# Looking for AM/FM hardware radio device [UNSOLVEDONGOING]

## HeXiLeD

I am looking for an adapter either pci (prefered) or usb for AM/FM radio, or at least FM.

From what i have been reading so far, it seems that AM radio is not easy to come by. 

Ebay has quite some usb adapters but i am unsure about what to get and or if it will even work. 

As for apps i was thinking about something like  http://gqmpeg.sourceforge.net or if there is something 100% ncurses even better.

----------

## Keruskerfuerst

You should better use FM or internet radio (MP3 or FLAC coded).

----------

## HeXiLeD

I know but the idea is actually play with the air waves.

A found a few things out there and maybe someone has some input about it.

D-Link DSB-R100 USB FM Radio with MP3 Software 

 *Quote:*   

> True Plug and Play installation
> 
> Full FM radio band (no AM)
> 
> USB specification 1.1 compliant
> ...

 

http://www.linux-usb.org/USB-guide/x601.html

 *Quote:*   

> 
> 
> The D-Link USB FM radio driver uses the Video4Linux interface, similar to the webcams discussed above.
> 
> If the appropriate device node entries do not exist, you should create them:
> ...

 

I think this may be the best bet but since i am unsure about it i have not purchased it.
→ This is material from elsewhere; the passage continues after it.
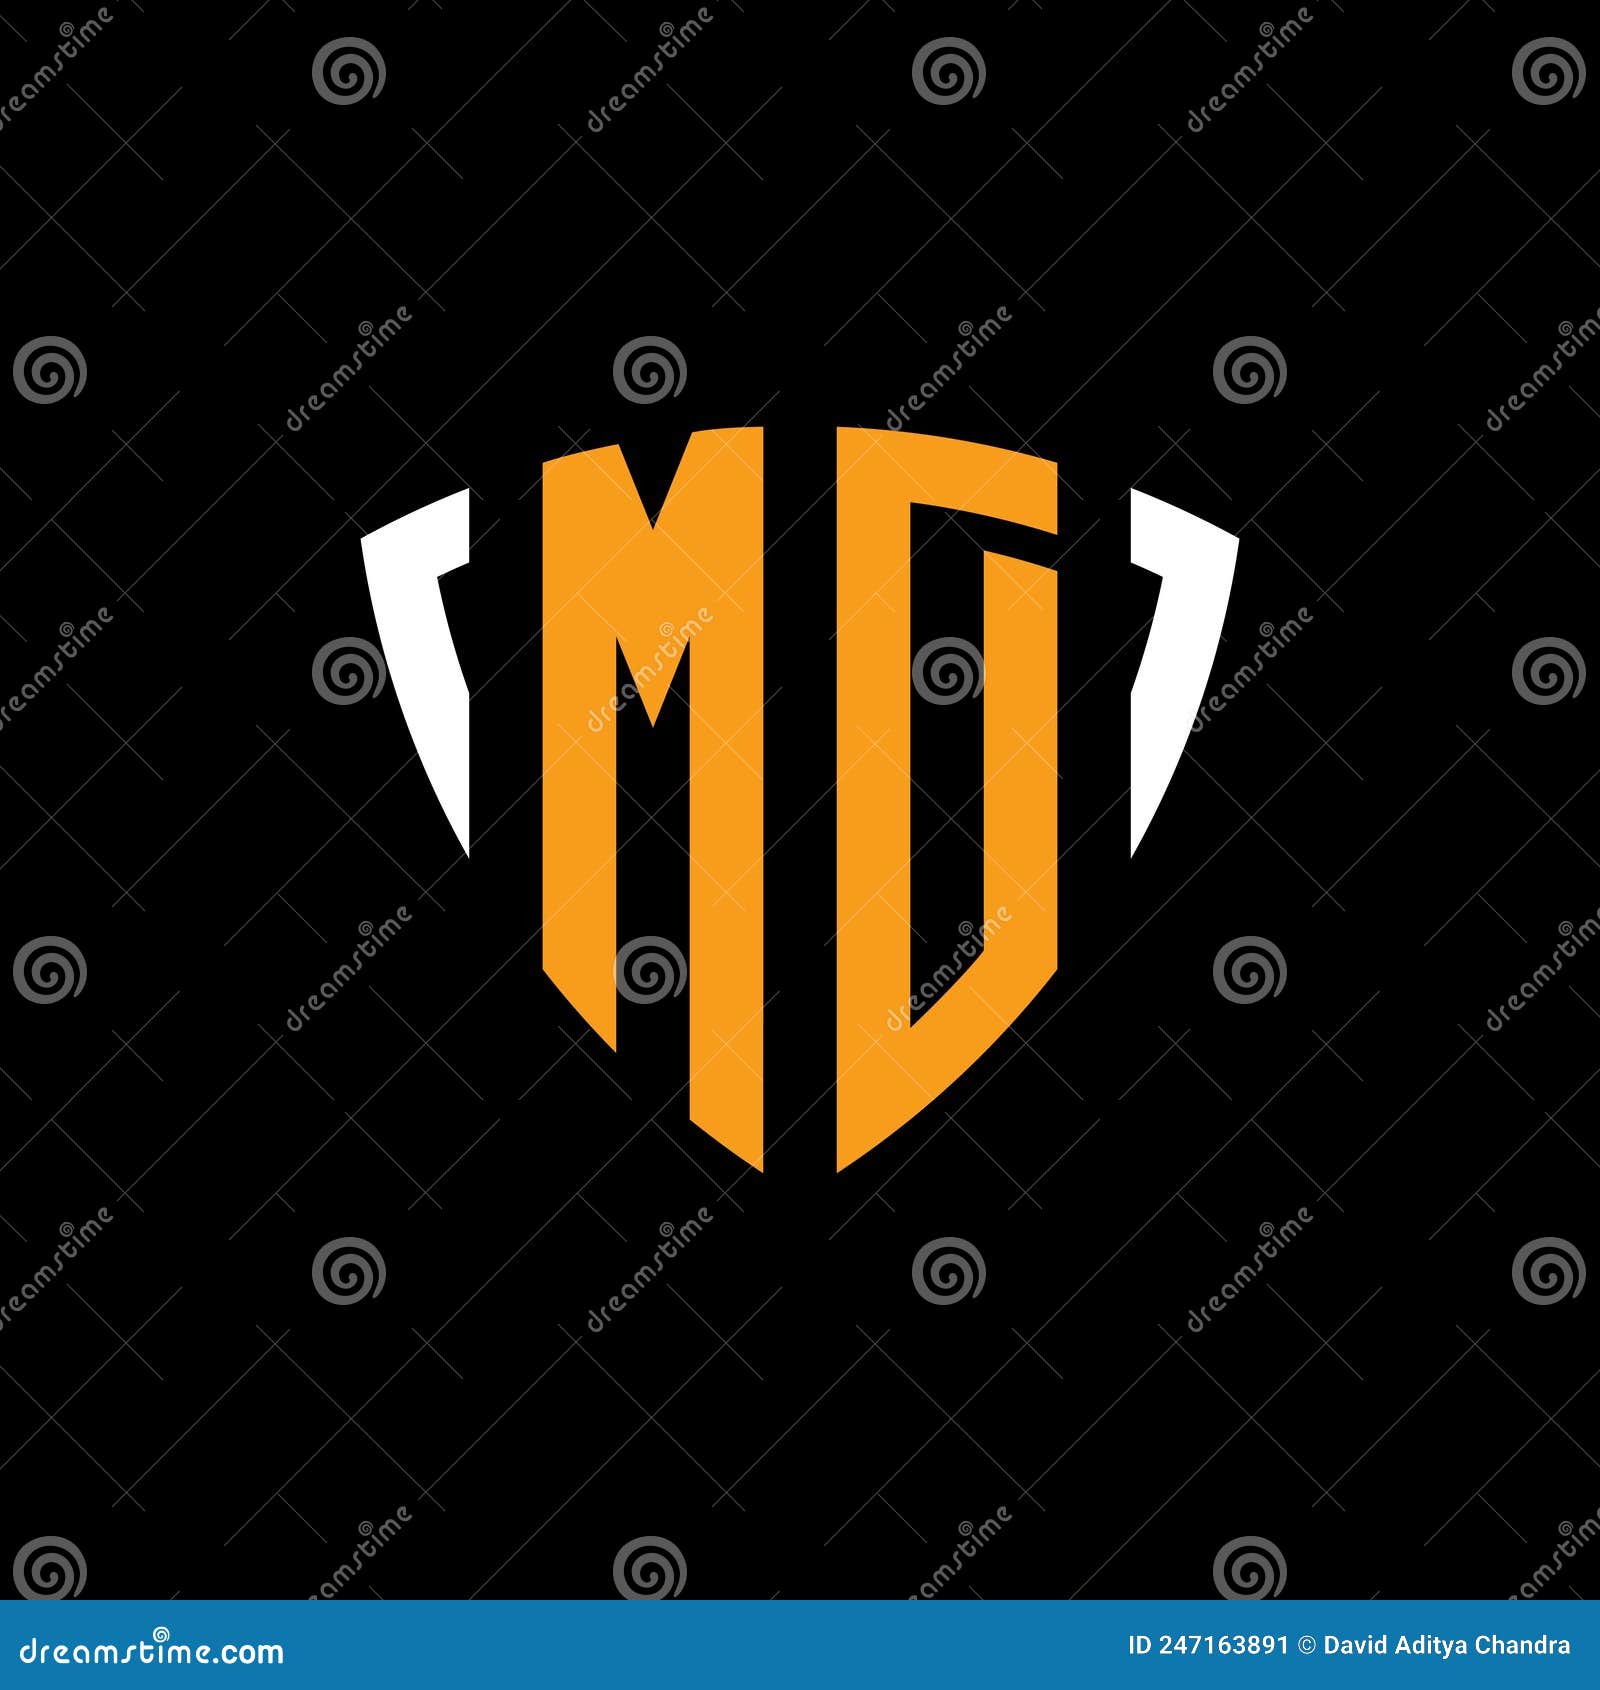 Mg logo monogram with emblem shield shape design Vector Image

Any feedback would be great.

Whats your feedback in regards the D-Link DSB-R100 USB FM Radio with MP3 Software  ?

Other things found:

RTL-SDR and GNU Radio with Realtek RTL2832U [Elonics E4000/Raphael Micro R820T] software defined radio receivers.
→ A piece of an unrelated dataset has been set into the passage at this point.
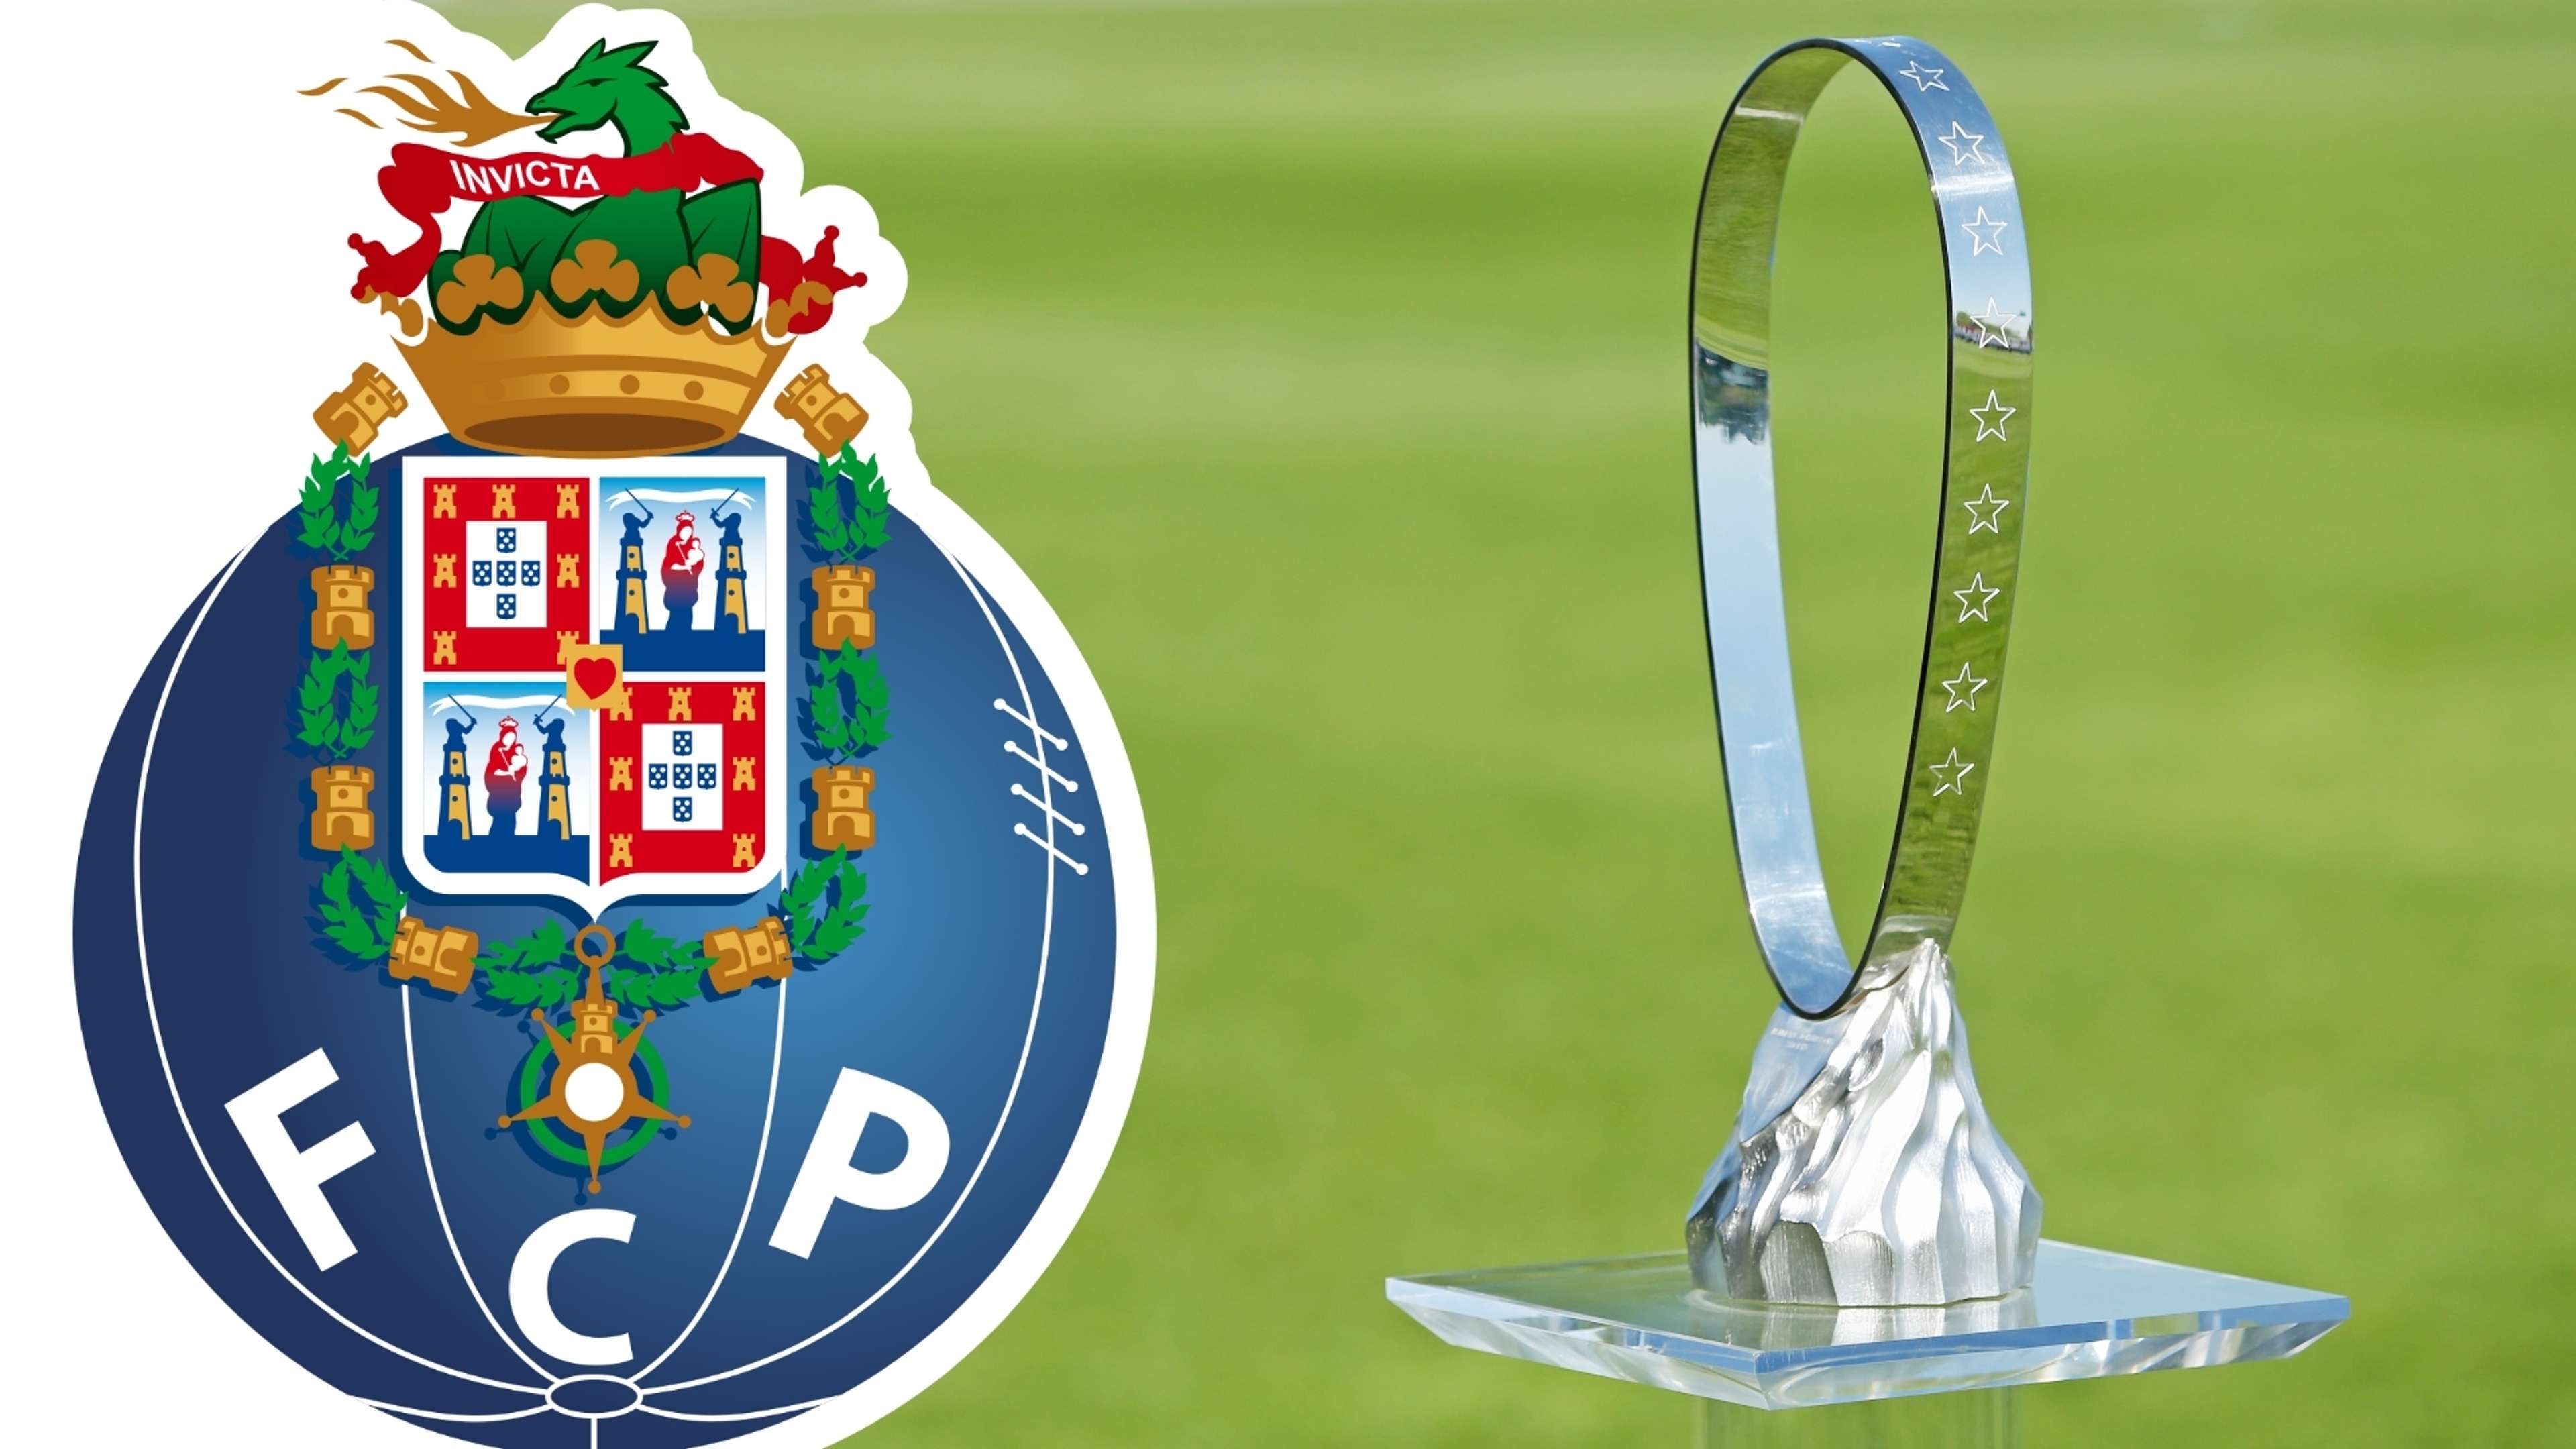 UEFA Youth League trophy, Porto logo

Which looks like to be way more than what i need.

http://superkuh.com/rtlsdr.html

 *Quote:*   

> DVB-T dongles based on the Realtek RTL2832U can be used as a cheap SDR, since the chip allows transferring the raw I/Q samples to the host, which is officially used for DAB/DAB+/FM demodulation

 

http://sdr.osmocom.org/trac/wiki/rtl-sdr

----------

## radio_flyer

I had a DSB-R100 working for a number of years on Gentoo. I tossed it a few years back. Last I recall, the kernel driver was still working fine but the GUI I was using at the time (media-sound/gqradio) was bit-rotting severely.

----------